Saturday, March 14, 2020

Wash Your Hands, People.

Even before the corona virus reared its ugly, crown-shaped head, I wasn’t planning a cruise to Alaska or Cozumel this year. I’ve partaken of the cruise ship experience once in my life, and it just wasn’t for me. The boarding process felt like an endless cafeteria line, as thousands of people waited in cattle chutes to board the ship, moving an inch a minute. The smorgasbords were extravagant and the nightly towel-animal creations were fun to anticipate, but for me, it was too much. I was overwhelmed by the lavish display, but I was also a bit freaked out by the idea of being unable to get off the ship should I choose to do so. Remember the Titanic?

On that cruise ship, I felt like Charlie on the MTA, who came to fame in a song recorded by the Kingston Trio in 1959. Jacqueline Steiner and Bess Lomax Hawes wrote this classic as a campaign song for Boston’s progressive mayoral candidate Walter O’Brien. When the fare got raised on the subway, Charlie didn’t have enough money to pay the exit fare so he could “get off of that train.” “Poor old Charlie” was forever labeled as “the man who never returned,” riding forever beneath the streets of Boston as his wife handed him his lunch at quarter past two each day. 

The MTA song was based on an older tune, “The Ship that Never Returned,” which leads us back to the corona virus. Teresa Hanifin’s report from the Boston Globe sent shivers down my back: “The fate of 2500 people headed back to the US remains a mystery as their cruise ship won’t be allowed to dock in San Francisco for the foreseeable future. That’s because the Grand Princess cruise ship previously carried a passenger who just became the first person to die from coronavirus in California.” Officials were finally able to sort out a plan for the passengers, but for a while, they must have felt like Charlie on the MTA, or extras in a horror movie. 

This pandemic of coronavirus has shaken the world, as evidenced by the stock market difficulties, new travel bans, the shortages of masks, hand sanitizer, and toilet paper (?) and the cancellation of face to face college classes and even NBA games, where thousands of people gather in close proximity. We’re washing our hands to a new song each day (but not Baby Shark), and we’re coughing into our elbows. Some churches have even traded the handshake of peace for an elbow bump or Star Trek’s Vulcan salute.

How bad is it? Dr. Anthony Fauci, the director of the National Institute for Allergy and Infectious Diseases tells us this: “I can say we will see more cases and things will get worse than they are right now . . . Bottom line, it’s going to get worse.”

But how much worse? Is the reaction to COVID-19 overblown? Numbers paint one picture. As of Thursday, the death toll in the US from the coronavirus stands at 38. In contrast, the death toll from gun violence in a typical year in the US is 36,000+, while in 2017, more than 70,000 people died as a result of drug overdose. Since 1981, HIV/AIDS has killed 36 million people worldwide. But Dr. Fauci’s testimony to congress speaks of what we don’t know. “It’s going to get worse,” but we don’t know the extent of ‘worse.’

So yes, wash your hands, people. Don’t touch your face (easier said than done). Protect the vulnerable among us. Follow appropriate medical advice. Pay attention, but don’t “fweak out,” as the delightful and determined Elizabeth Holiday reminds us often.

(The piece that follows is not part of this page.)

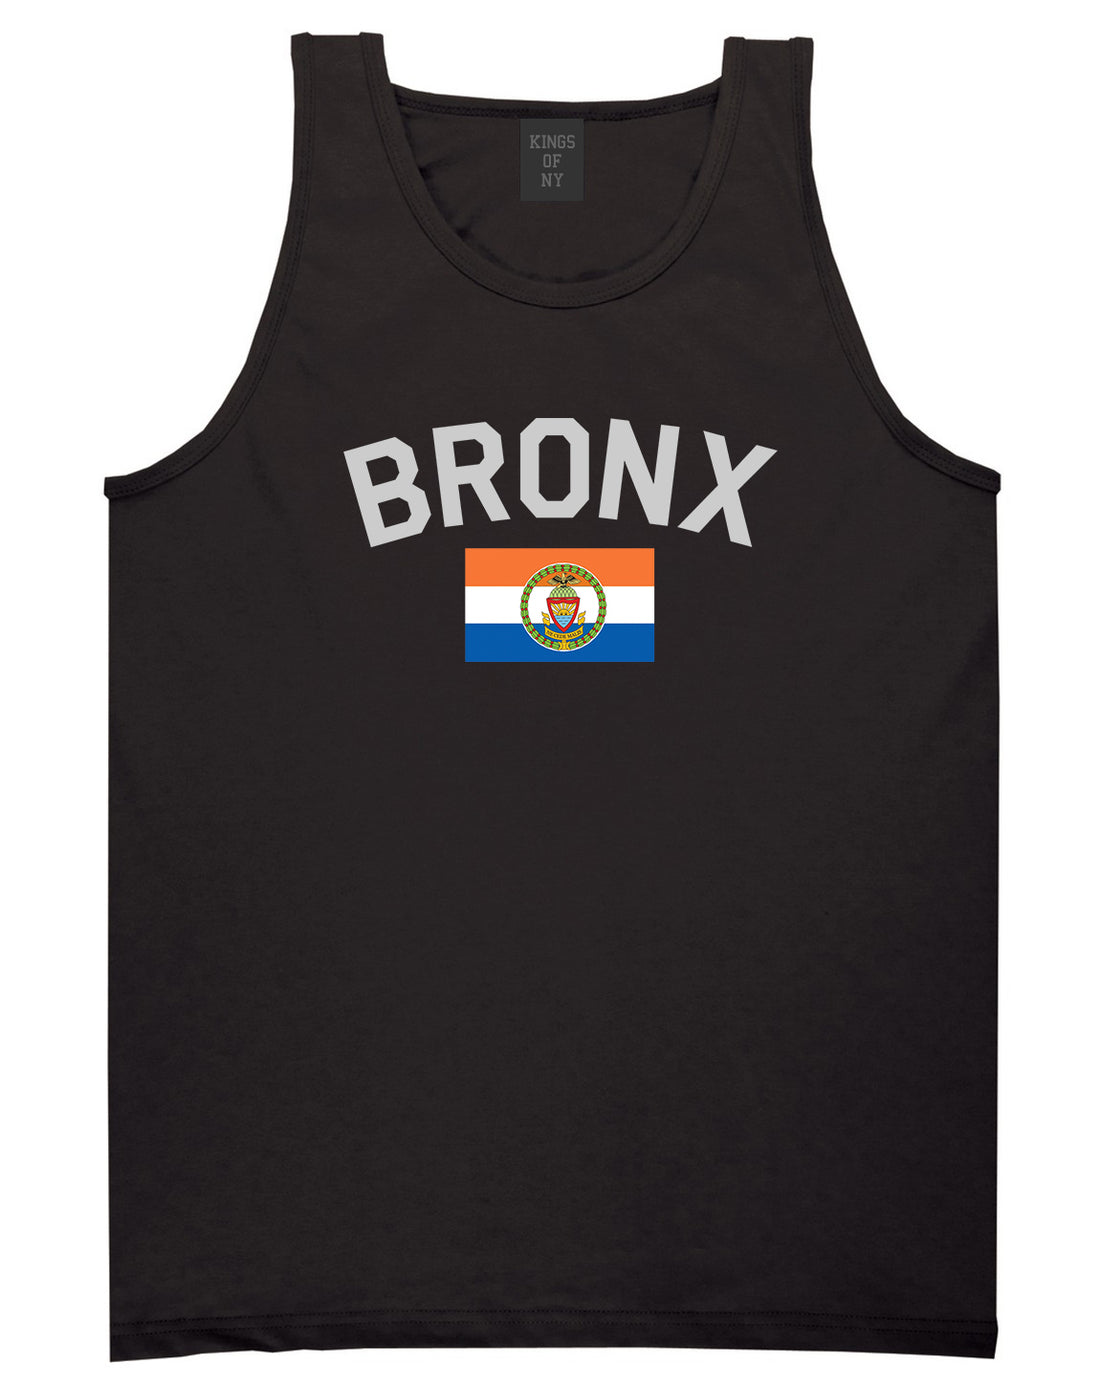 Bronx Flag Mens Tank Top Shirt Black

And, while I risk sounding like a broken record, choose kindness. We’re human, and when we’re bewildered and afraid, all too often our default setting is to cast blame. Kindness can be the perfect antidote. 

Kay Bruner reflects on these days: “There’s a lot of uncertainty [in the world]. And a lot of certainty that is really scary. I still don’t have a better answer than ‘Whatever happens, we will get through it together.’ That’s the one certain thing.” Sounds like a plan to me.